A disordered pattern of language development is one of the core features of ASD (see Chapter 54 ). The language profile of children with ASD is often indistinguishable from that in children with SLI or SPCD. The key characteristics of ASD that distinguish it from SLI or SPCD are lack of reciprocal social relationships; limitation in the ability to develop functional, symbolic, or pretend play; hyper- or hyporeactivity to sensory input; and an obsessive need for sameness and resistance to change. Approximately 40% of children with ASD also have intellectual disability, which can limit their ability to develop functional communication skills. Language abilities can range from absent to grammatically intact, but with limited pragmatic features and odd prosody patterns. Some individuals with ASD have highly specialized, but isolated, “savant” skills, such as calendar calculations and hyperlexia (the precocious ability to recognize written words beyond expectation based on general intellectual ability). Parents report regression in language and social skills ( autistic regression ) in approximately 20–25% of children with ASD, usually between 12 and 36 mo of age. The cause of the regression is not known, but it tends to be associated with an increased risk for comorbid intellectual disability and more severe ASD ( Fig. 52.1 ).

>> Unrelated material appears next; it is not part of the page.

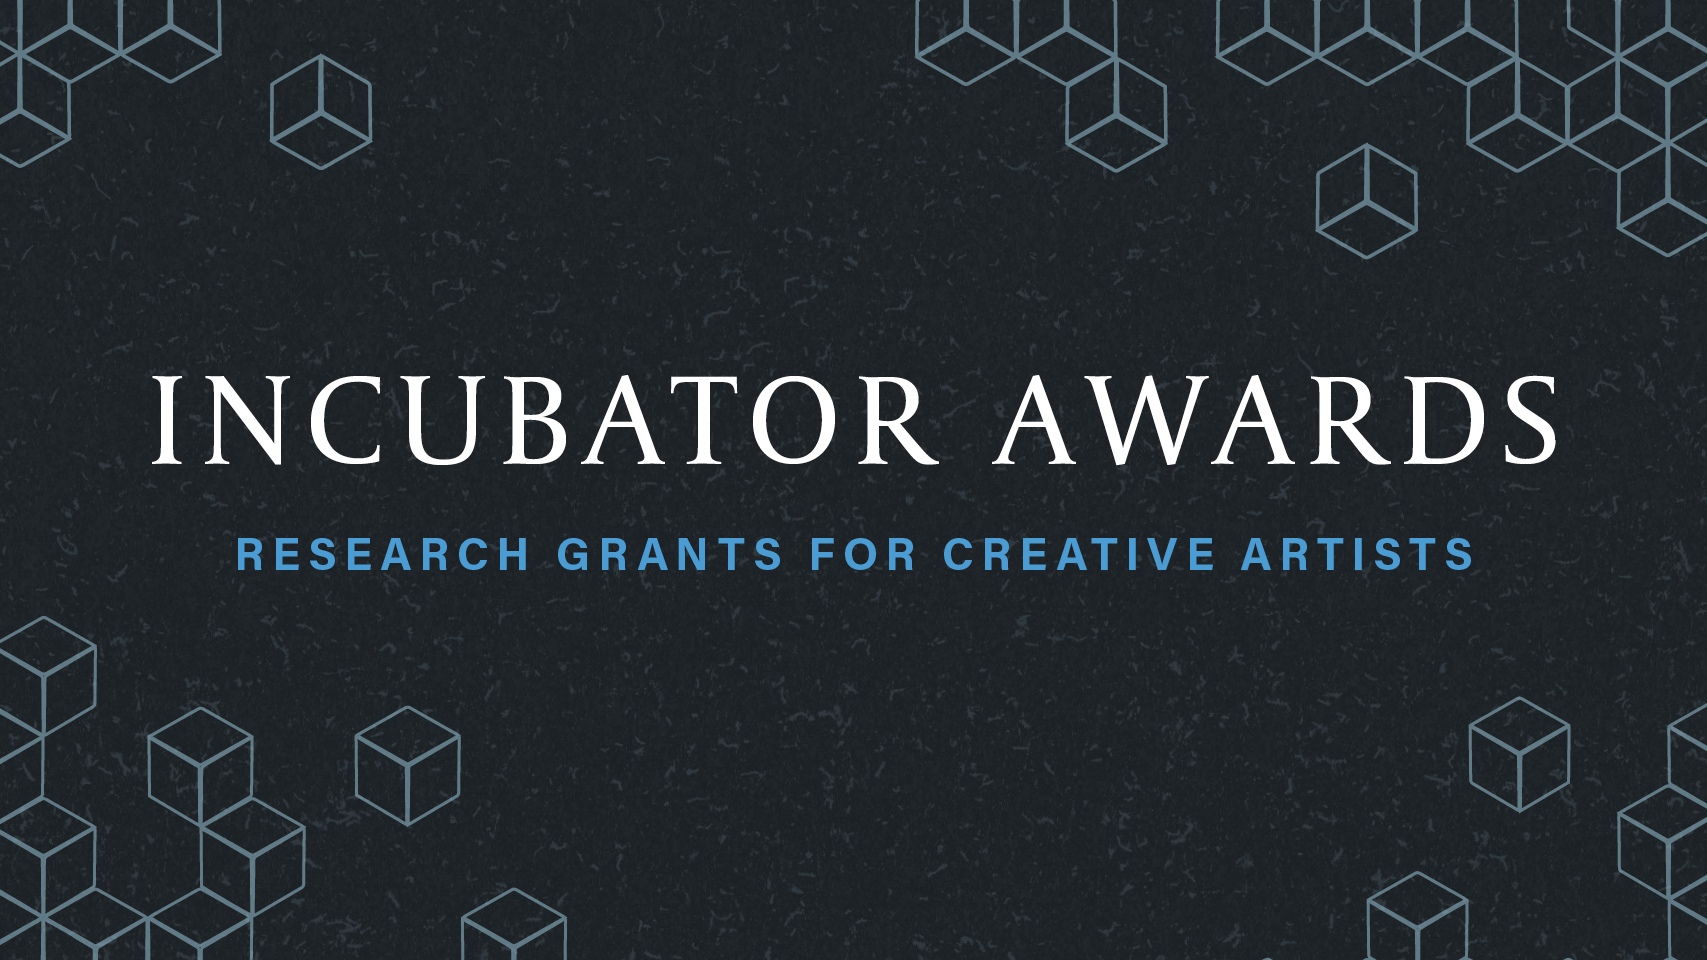 Incubator Awards: Research Grants For Creative Artists. Black background with cube geometric patterns coming in from the corners.
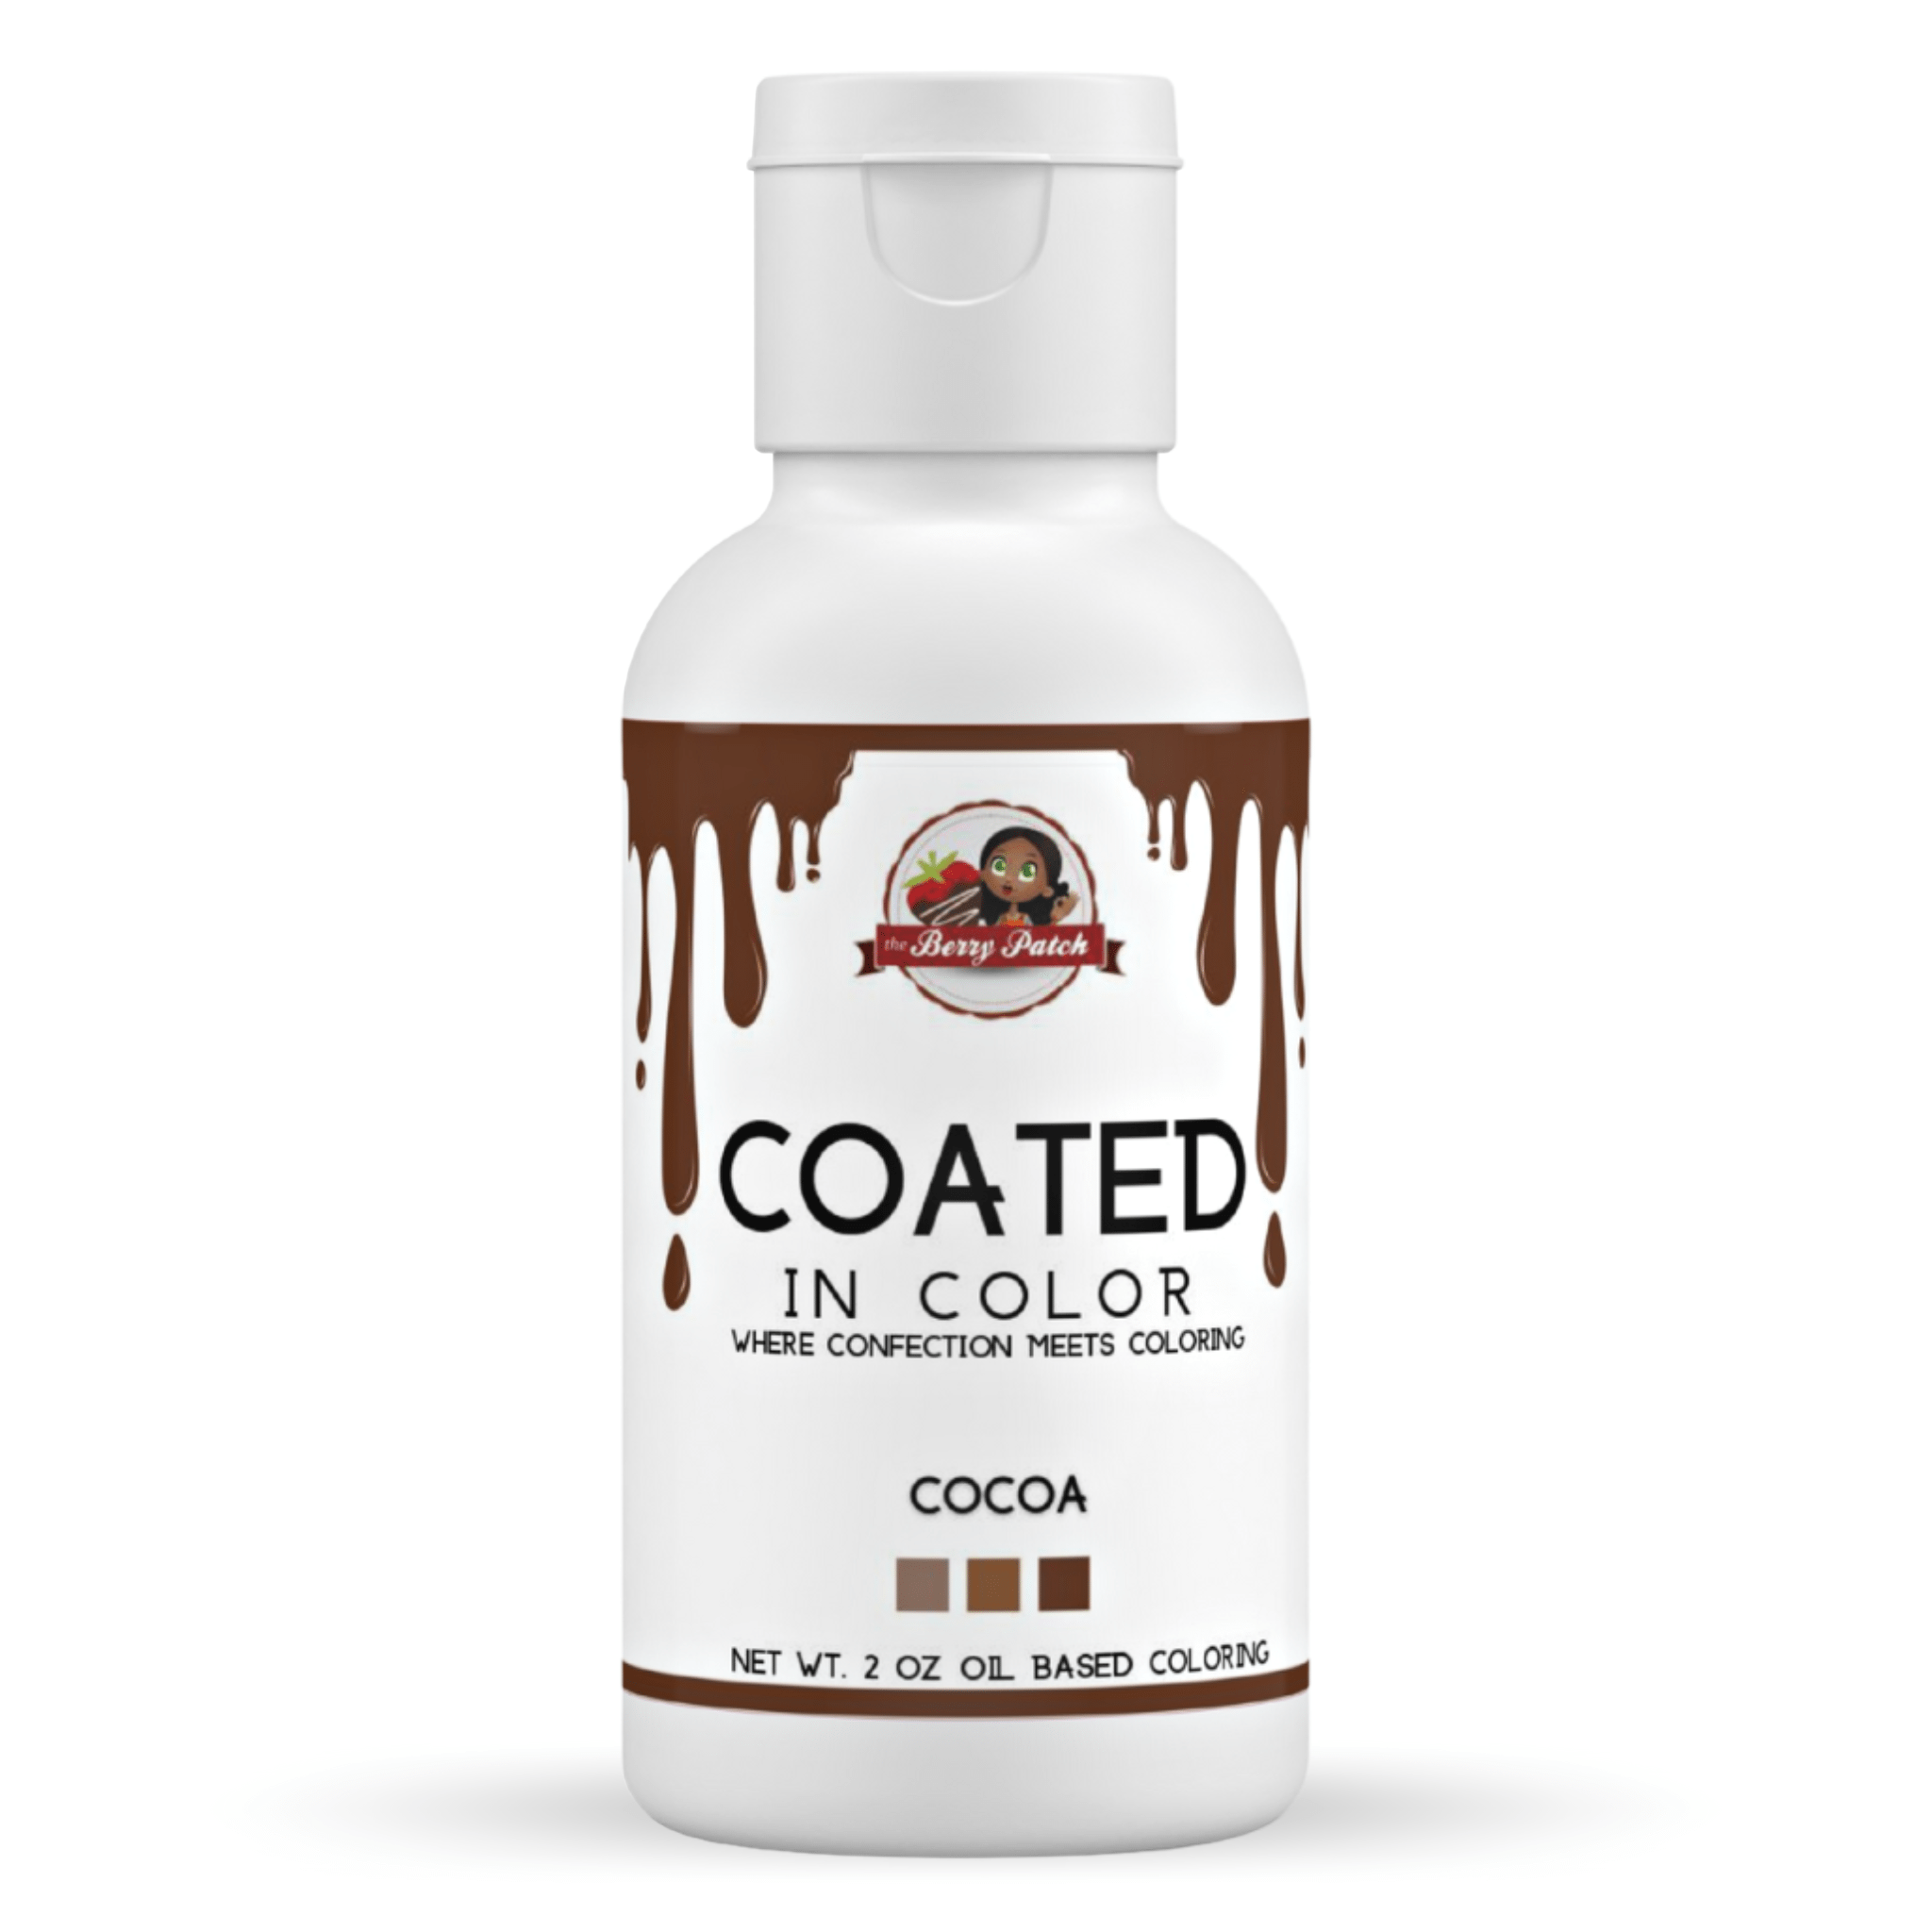 Cocoa Oil Based Coloring

Asperger syndrome is characterized by difficulties in social interaction, eccentric behaviors, and abnormally intense and circumscribed interests despite normal cognitive and verbal ability. Affected individuals may engage in long-winded, verbose monologs about their topics of special interest, with little regard to the reaction of others. Adults with Asperger syndrome generally have a more favorable prognosis of than those with “classic” autism. Prior to 2013, Asperger syndrome was classified as distinct from autism; however, DSM-5 no longer recognizes Asperger as a separate neurodevelopmental disorder. More severely affected individuals are now considered to be at the “high functioning” end of the autism spectrum (see Chapter 54 ), whereas mildly impaired individuals may be diagnosed with SPCD.